Eligibility for mental injury has also been extended to those who may in a non-professional capacity become involved in helping in the aftermath of an incident or those who, in the normal course of their professional rescue work, find themselves in exceptional danger, or fear that someone with whom they have a close relationship of love and affection has been killed or seriously injured.

Many victims also raised concerns that cases could not be reopened and that the time limit to make a claim was too inflexible. To respond to those concerns, further relaxation in the eligibility conditions will permit cases to be reopened in certain circumstances and time limits for making a claim will also be made more flexible. That flexibility is being introduced because the statutory time limit currently in place, which allows a maximum of three years to make a claim—from the age of 18 in cases of childhood injury—has led to unfairness and inequity in the distribution of compensation.

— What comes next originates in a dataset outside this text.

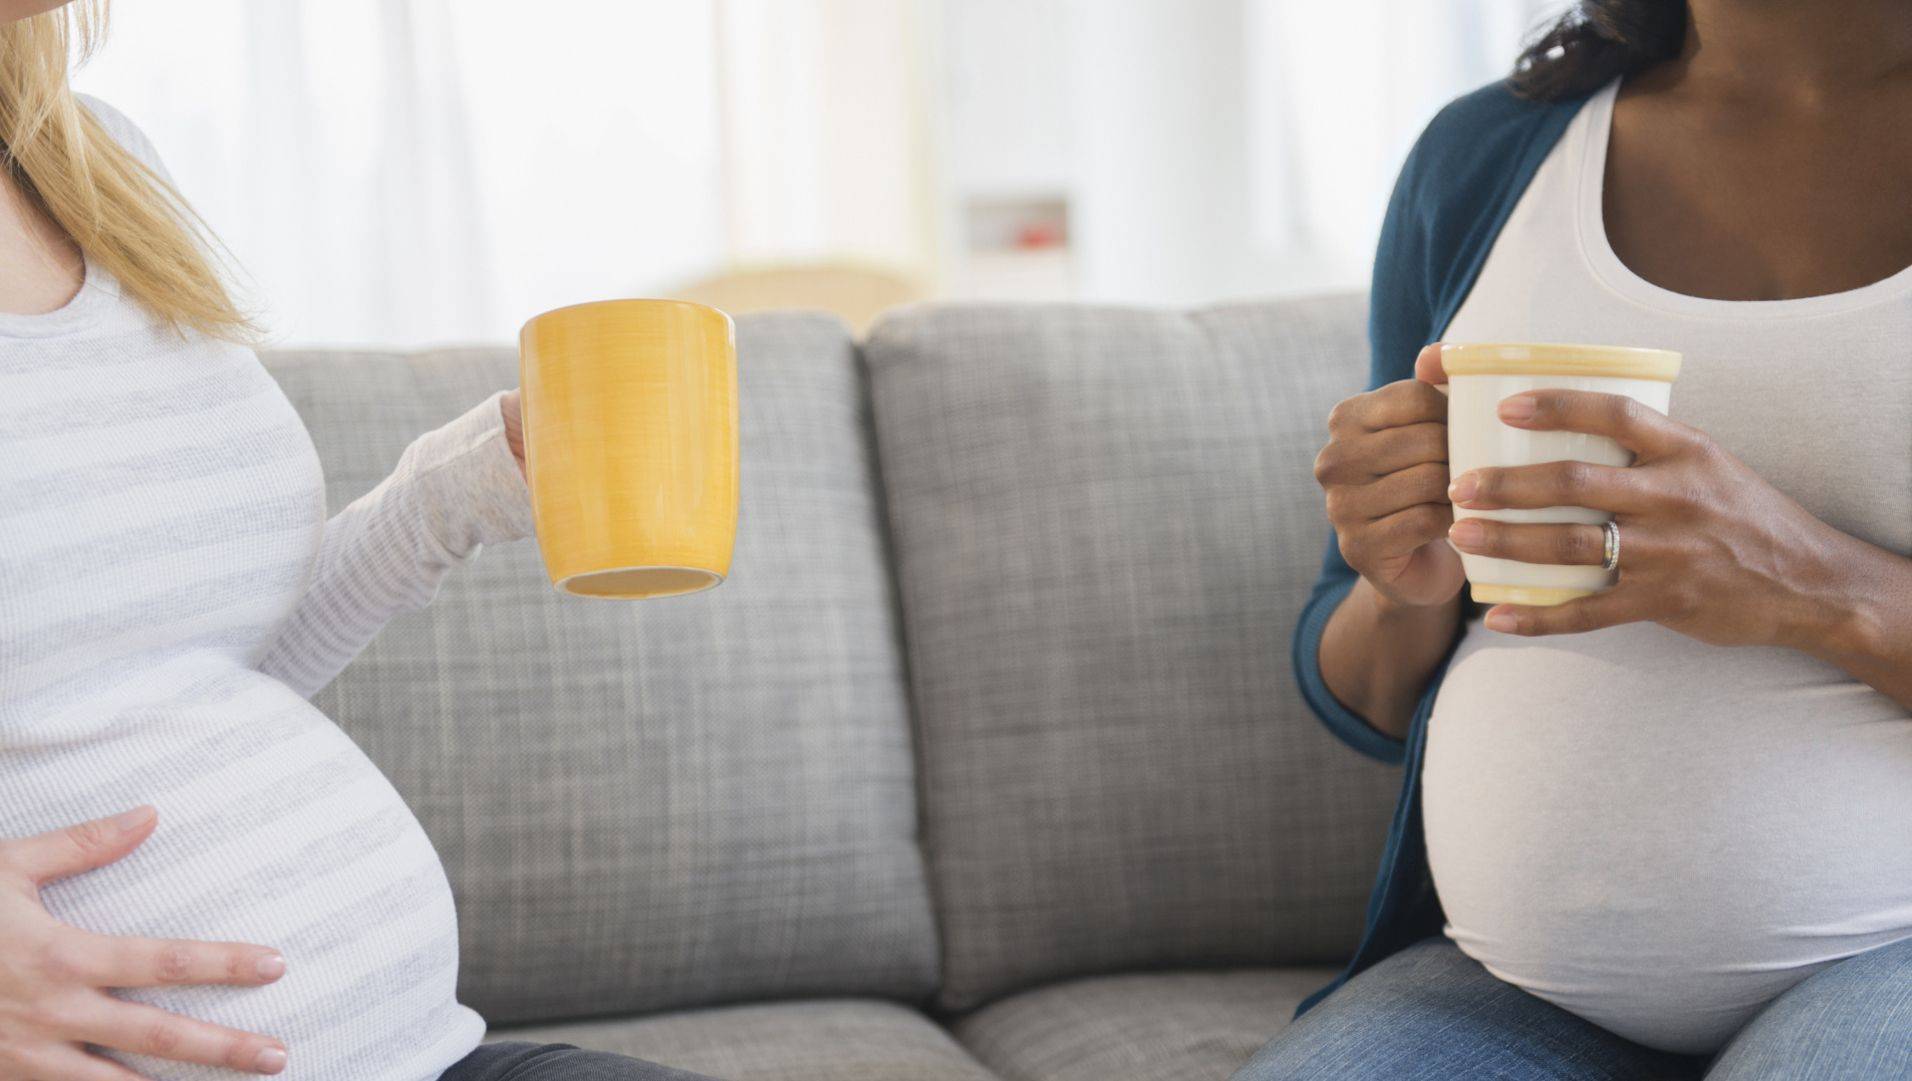 Польза и вред зеленого чая для женщин и мужчин. можно ли зеленый чай при беременности, кормлении грудью, детям, при давлении?

That is especially the case with adults who have been the victims of sexual offences in childhood and who, for very understandable reasons, have not pursued the crime committed against them until they were over the age of 21. They were unable by that stage to claim compensation. However, the new flexible time limits will not help them. As a result, and because of the overwhelming moral argument supporting their case, the Government have responded by taking what is an almost unprecedented step. We have attached to the new scheme a provision to allow those unfortunate victims who in the past found themselves on the wrong side of legislative time limits a second chance to access compensation for their injuries.

That provision will mean that an adult who was the victim of sexual abuse as a child and who has been unable to pursue a successful compensation claim because he or she was over 21 before being in a position to do so can apply. It will not permit applications that may have been refused for other reasons. I hope that your Lordships will agree that the retrospective lifting of the mandatory time limit is an important change, and one which will rectify for many people an inequity in the previous legislation.

Another significant change to the eligibility conditions in the proposed new scheme means that all convictions—for terrorist-related offences or other crime—will be treated in the same way, as already happens under the scheme in Great Britain. The criteria determining how a conviction will be treated will be based on two factors: the seriousness of the crime, as shown by the length of sentence; and the period which has elapsed since the sentence was passed.

I turn now to the final change of significance: the review and appeal process. What we have adopted for the new scheme reflects the arrangements in Great Britain and addresses criticisms by victims of the current court-based appeal process. Applicants can ask for initial decisions of the Compensation Agency to be reviewed. If that does not lead to agreement, there is a right of appeal within the scheme to a body of adjudicators. The scheme establishes that body as the Criminal Injuries Compensation Appeals Panel for Northern Ireland.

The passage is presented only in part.